The ide­ol­o­gy of neolib­er­al­ism puts a lot of empha­sis on the respon­si­bil­i­ty of the indi­vid­ual towards the choic­es and the risks of life. Today the good cit­i­zen is the self-made one (this goes togeth­er with the pri­va­ti­za­tion of ser­vices and resources that used to be pub­lic). The achieve­ments of the indi­vid­ual are put above any form of social aggre­ga­tion. What so called neolib­er­al­ism real­ly wants is to “lib­er­ate” cap­i­tal from any respon­si­bil­i­ty towards the repro­duc­tion of the labor force; it wants to erase the last residues of those Key­ne­sian poli­cies that, to this day, still force the state to guar­an­tee (even though less and less) cer­tain lev­els of repro­duc­tion.

Women know from expe­ri­ence that nobody is ever self-suf­fi­cient in life, not in youth or in old age, not when infirm, not as male or female, work­er or unem­ployed. In fact, the repro­duc­tion of indi­vid­u­als is at the foun­da­tion of social, eco­nom­ic, and polit­i­cal rela­tion­ships and rep­re­sents the only mean­ing­ful frame­work for coex­is­tence.

The con­crete base from which to start is then the abil­i­ty to think of indi­vid­u­als as peo­ple with bod­ies, think­ing of our­selves as inter­de­pen­dent, thus escap­ing the lib­er­al abstrac­tion of the self-suf­fi­cient indi­vid­ual (indi­vid­ual and not sub­ject).

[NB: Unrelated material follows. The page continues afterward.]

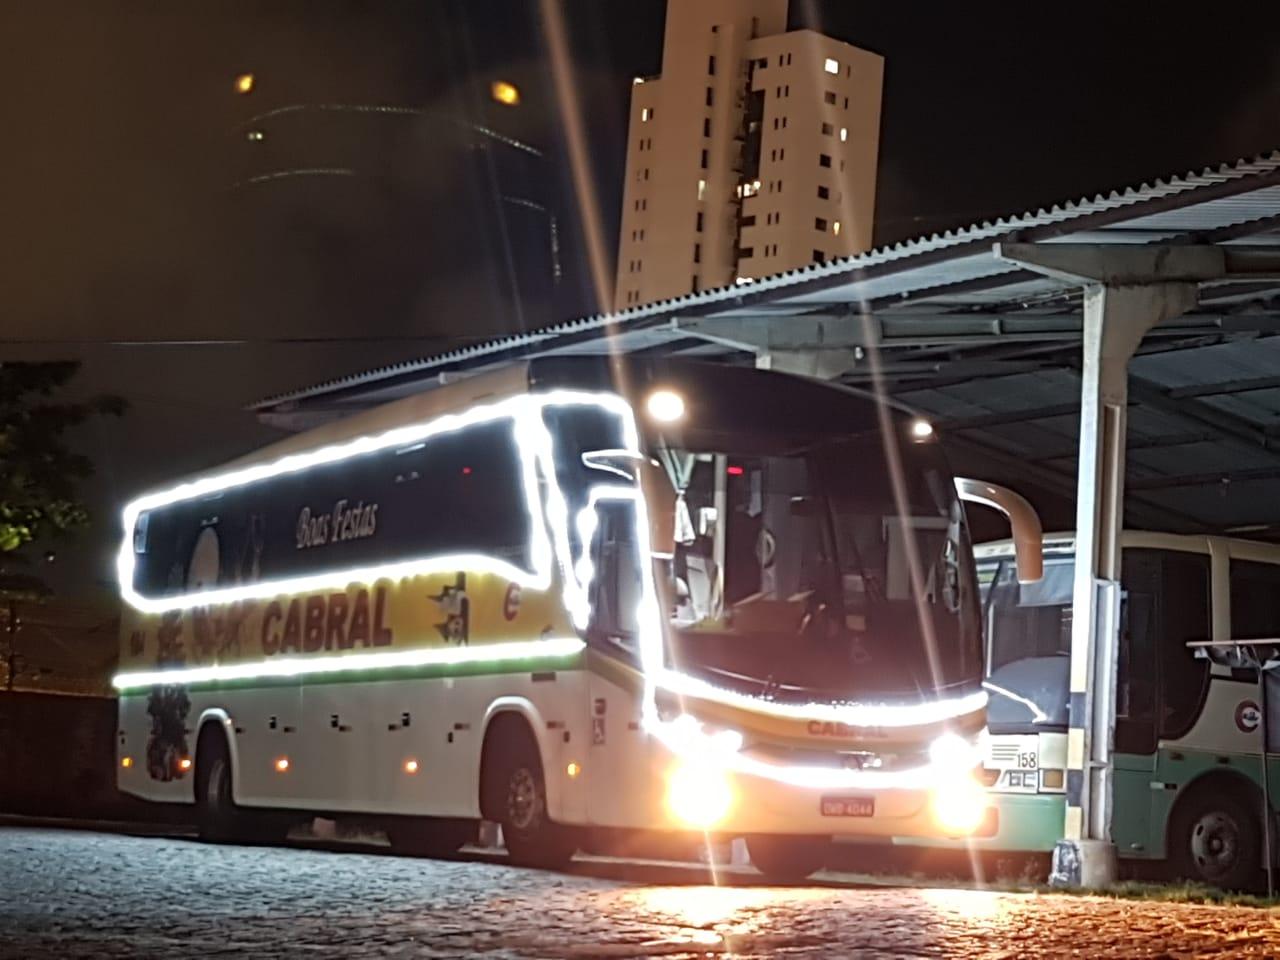 Cabral com ônibus enfeitados para o período natalino

In these times of cri­sis, the scarci­ty of resources has as a con­se­quence the cre­ation of inno­v­a­tive forms of coop­er­a­tive repro­duc­tion, most­ly vol­un­teer based, which nonethe­less tend to con­sti­tute a free alter­na­tive to the defi­cien­cies of wel­fare, social­iz­ing the costs of repro­duc­tion.

In addi­tion, the mate­r­i­al aspects of repro­duc­tion, weak­ened by the cri­sis, are being re-orga­nized in col­lab­o­ra­tive forms – such as buy­ing clubs, co-hous­ing, car-shar­ing, flea mar­kets, time banks, com­mu­nal gar­dens, care­givers co-ops, and com­mu­ni­ty clin­ics.

Two emblem­at­ic exam­ples of this process in Europe are Spain and Greece, where it is pos­si­ble to find forms of resis­tance to the cri­sis at the lev­el of social repro­duc­tion, such as health care ser­vices offered by vol­un­teer doc­tors, phar­ma­cies that dis­trib­ute drugs free of charge to those in need, or the PAH (Platafor­ma d’Afectats per la Hipote­ca, or the Plat­form for Peo­ple Affect­ed by Mort­gages, start­ed in 2009 in Cat­alo­nia) which was able to spread its expe­ri­ences and trans­for­ma­tive momen­tum beyond the mere net­work of activists. With­in the PAH, we face issues of hous­ing, habi­tat, sur­vival, and the vul­ner­a­bil­i­ty of the body.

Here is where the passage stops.